The rule of Aśoka was significant in three ways. First, he largely completed the process, begun by his grandfather and father, of bringing the Indian subcontinent under a single rule. This contributed to the concept of India as a single place, rather than as a collection of states like Europe. Second, although Buddhism was already spreading when Aśoka came to power, his sponsorship helped the religion flourish and move on to other locations. Theravāda Buddhism, which moved into Southeast Asia under Aśoka’s patronage, eventually became the dominant faith in the areas that became Burma, Laos, Thailand, and Cambodia. Sri Lanka still celebrates the mission of Aśoka’s son as the origin of Buddhism in that nation.
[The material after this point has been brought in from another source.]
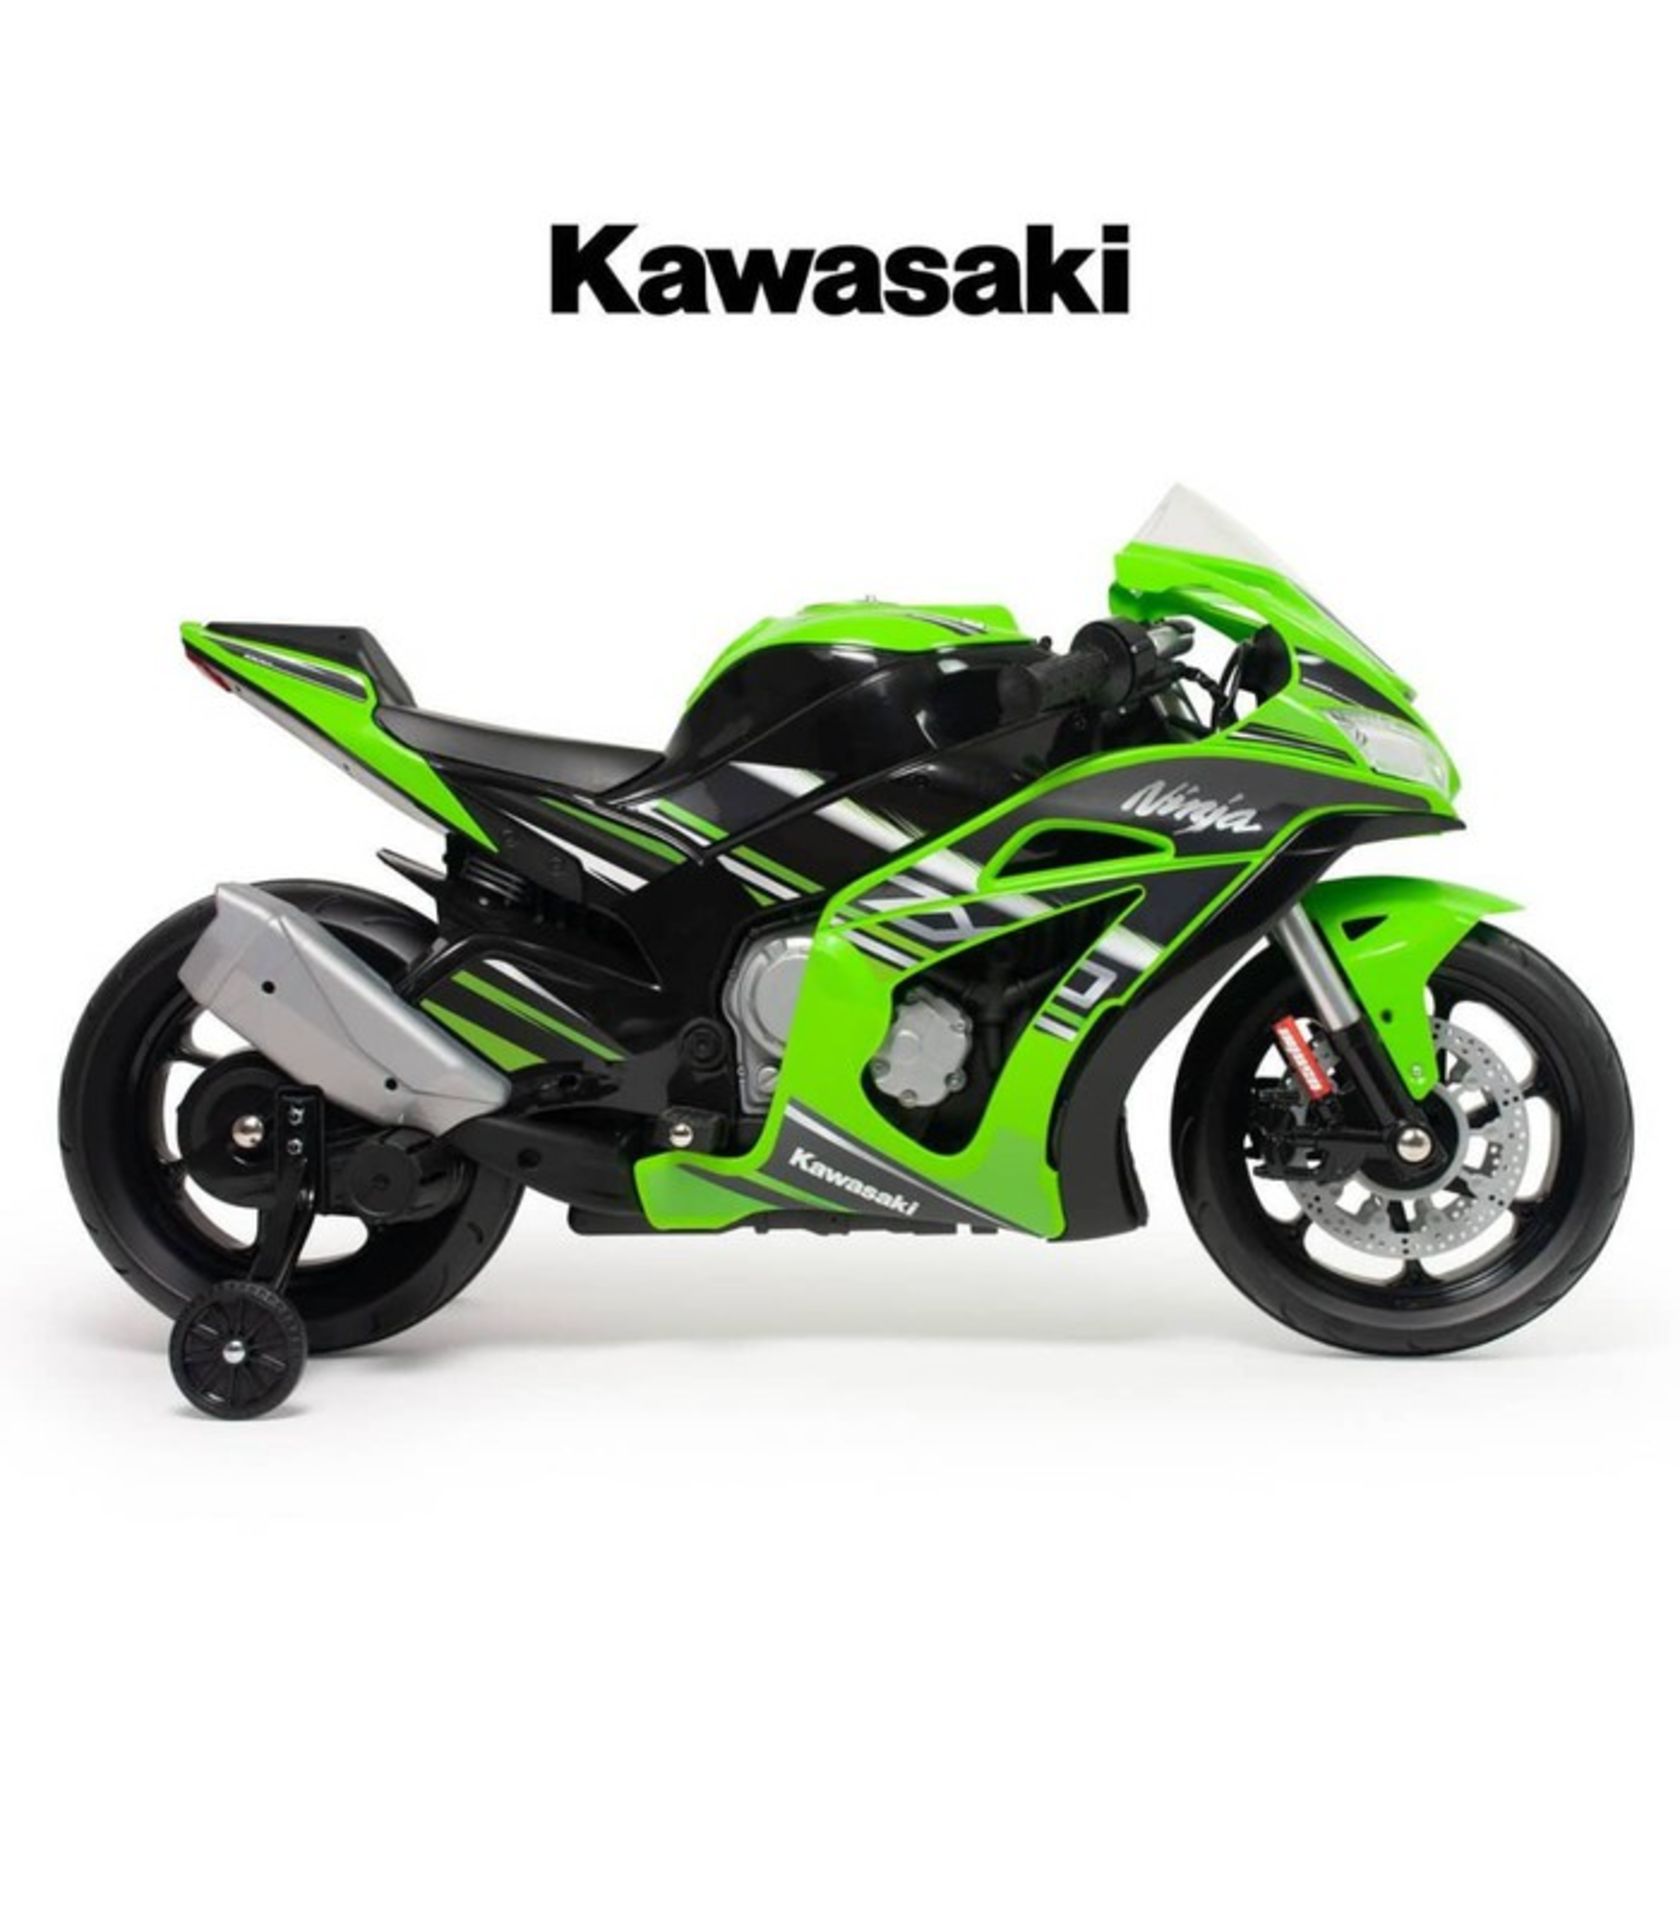 1 x Injusa Kids Electric Ride On Kawasaki ZX10 12V Motorcycle - 6495 - HTYS174 - CL987 - Location: - Image 4 of 24

Third, Aśoka became the model of the ideal Buddhist ruler in many kingdoms and therefore played an important part in the development of ancient Asian political theory and practice. The concept of the king who represents and maintains the cosmic order of justice was central to the idea of the monarch in ancient Cambodia. It was taken up by the kings of Siam (now known as Thailand) and by rulers in other Theravāda realms.



Further Reading

  • Lopez, Donald S. The Story of Buddhism: A Concise Guide to Its History and Teachings. San Francisco: Harper, 2001. A short history of the origins and transformations of Buddhism. Pronunciation guide, bibliography, glossary, and index.
  • Seneviratna, Anuradha, ed. King Aśoka and Buddhism. Seattle: Pariyatti Press, 1995. A collection of essays on Aśoka’s life and on the debates about his role in history.
  • Tamiah, Stanley J. World Conqueror and World Renouncer: A Study of Buddhism and Polity in Thailand Against a Historical Background. New York: Cambridge University Press, 1976. The classical work on the theory of the Buddhist king in Thailand. The author traces this theory from its origins in ancient India. Chapter 5 deals specifically with Aśoka as the model of the Buddhist king. Bibliography, index.
  • Thapar, Romila. Aśoka and the Decline of the Mauryas. Delhi: Oxford University Press, 1997. An updated edition of one of the most widely read histories of the Mauryan period by a prominent scholar of ancient India. Bibliography and index.